▶ PROBLEM STATEMENT: Your output consists solely of the lines from the one that contains "View of Alexandria harbor, Egypt Stock Photo" to the end of the material, each reproduced exactly; pictures do not belong in it.
____ DATASET EXCERPT
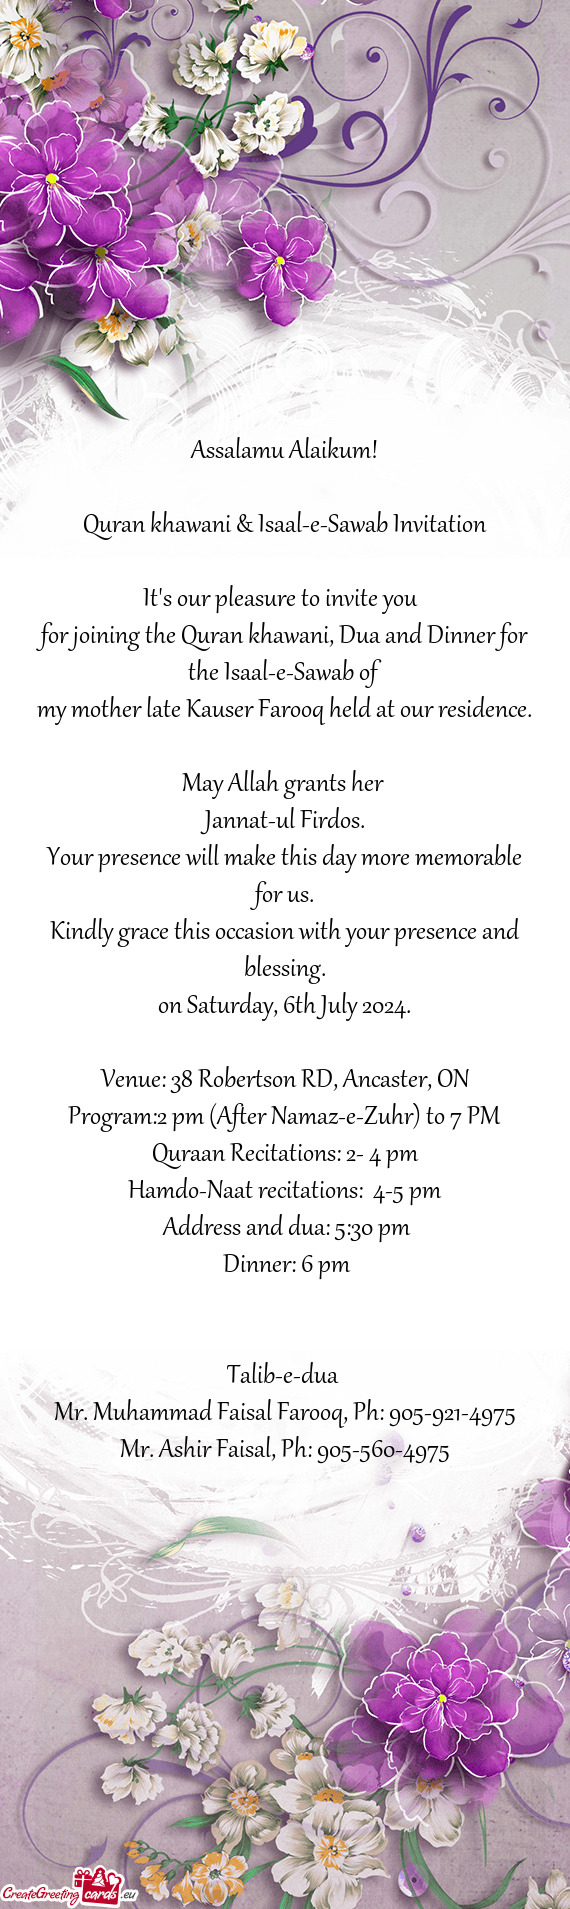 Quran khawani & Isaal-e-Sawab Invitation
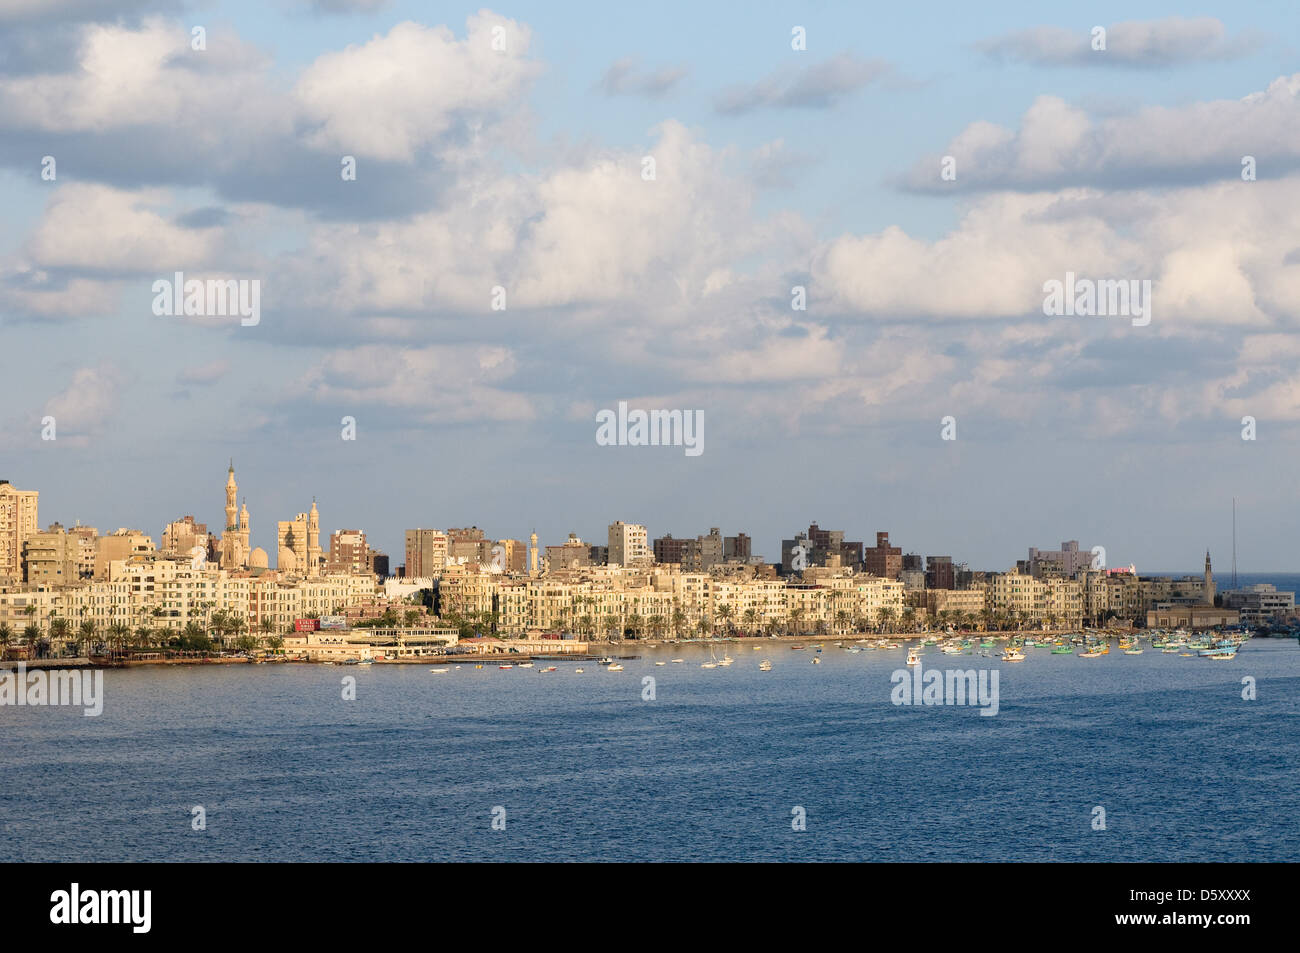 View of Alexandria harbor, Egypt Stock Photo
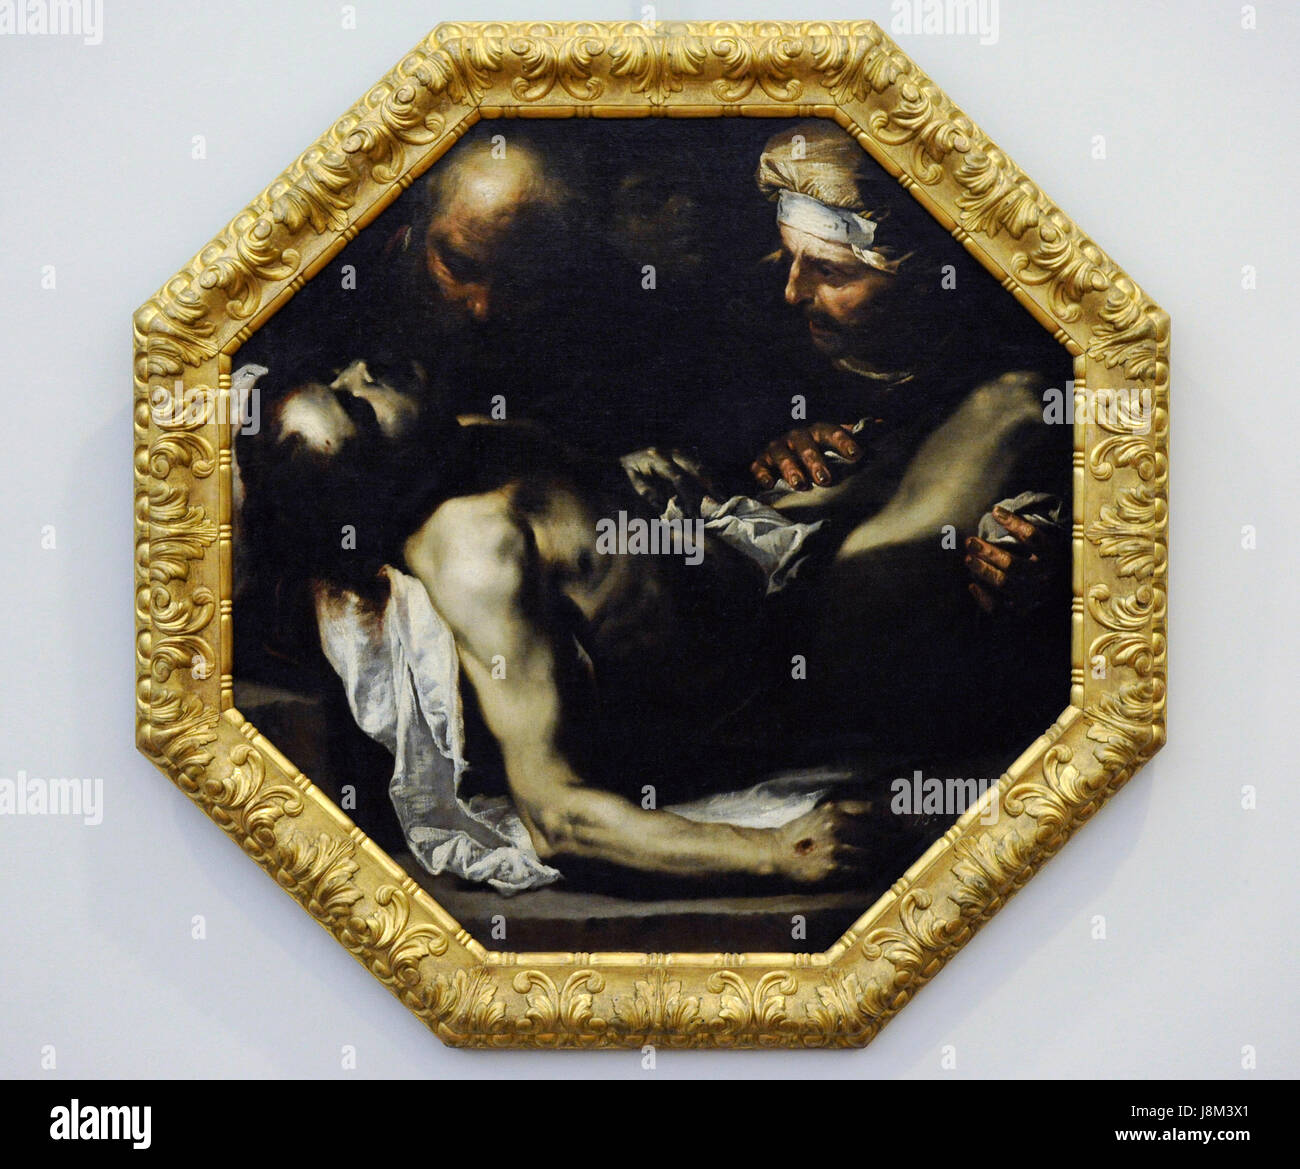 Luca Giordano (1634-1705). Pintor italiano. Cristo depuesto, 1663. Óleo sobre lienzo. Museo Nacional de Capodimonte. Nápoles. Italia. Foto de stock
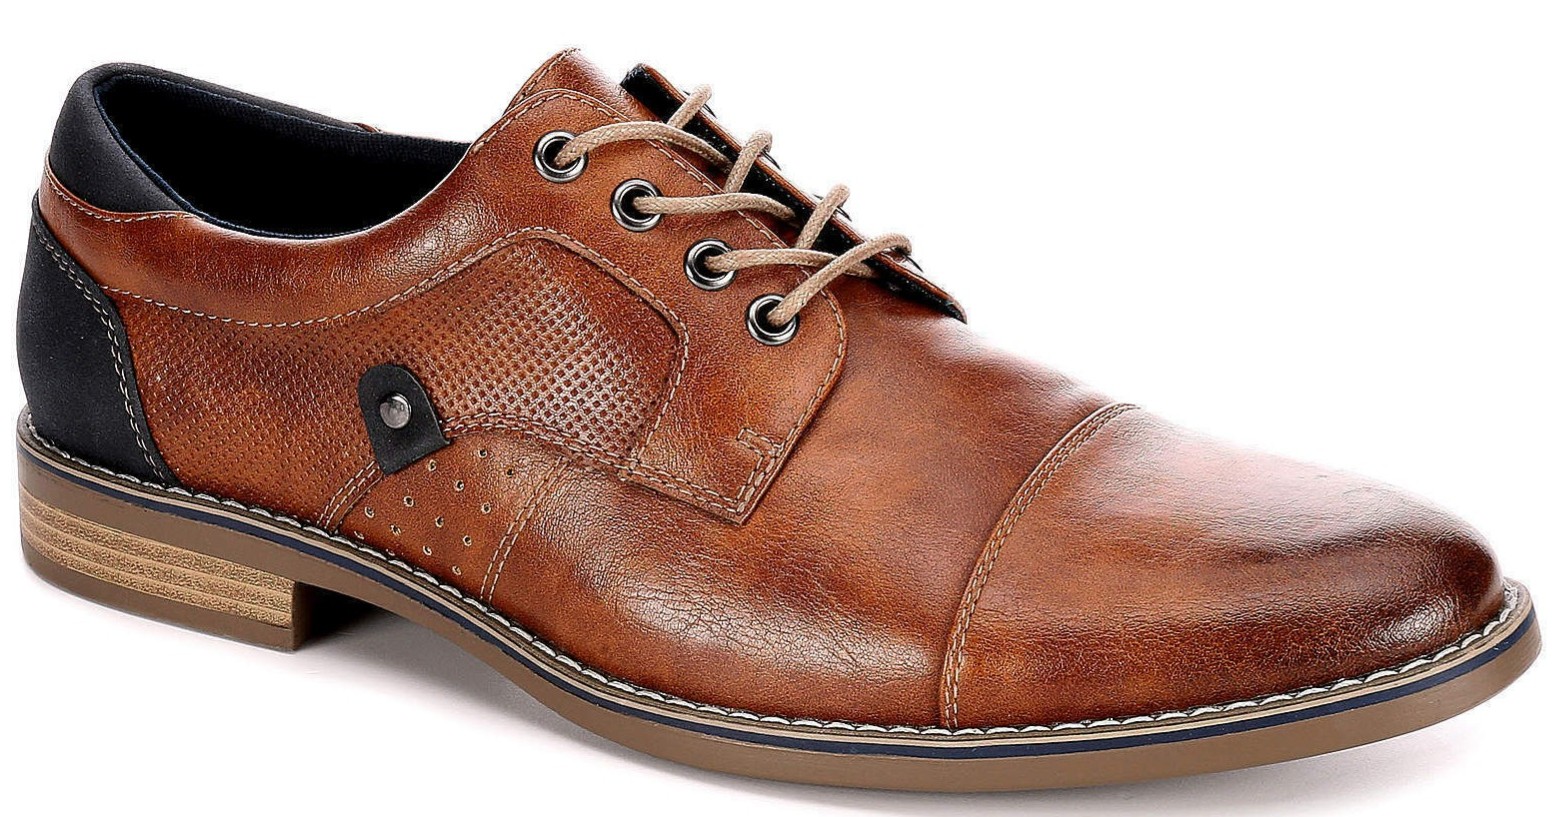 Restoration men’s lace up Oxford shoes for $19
________
▶ EXPECTED OUTPUT:
 View of Alexandria harbor, Egypt Stock Photo
 Luca Giordano (1634-1705). Pintor italiano. Cristo depuesto, 1663. Óleo sobre lienzo. Museo Nacional de Capodimonte. Nápoles. Italia. Foto de stock
 Restoration men’s lace up Oxford shoes for $19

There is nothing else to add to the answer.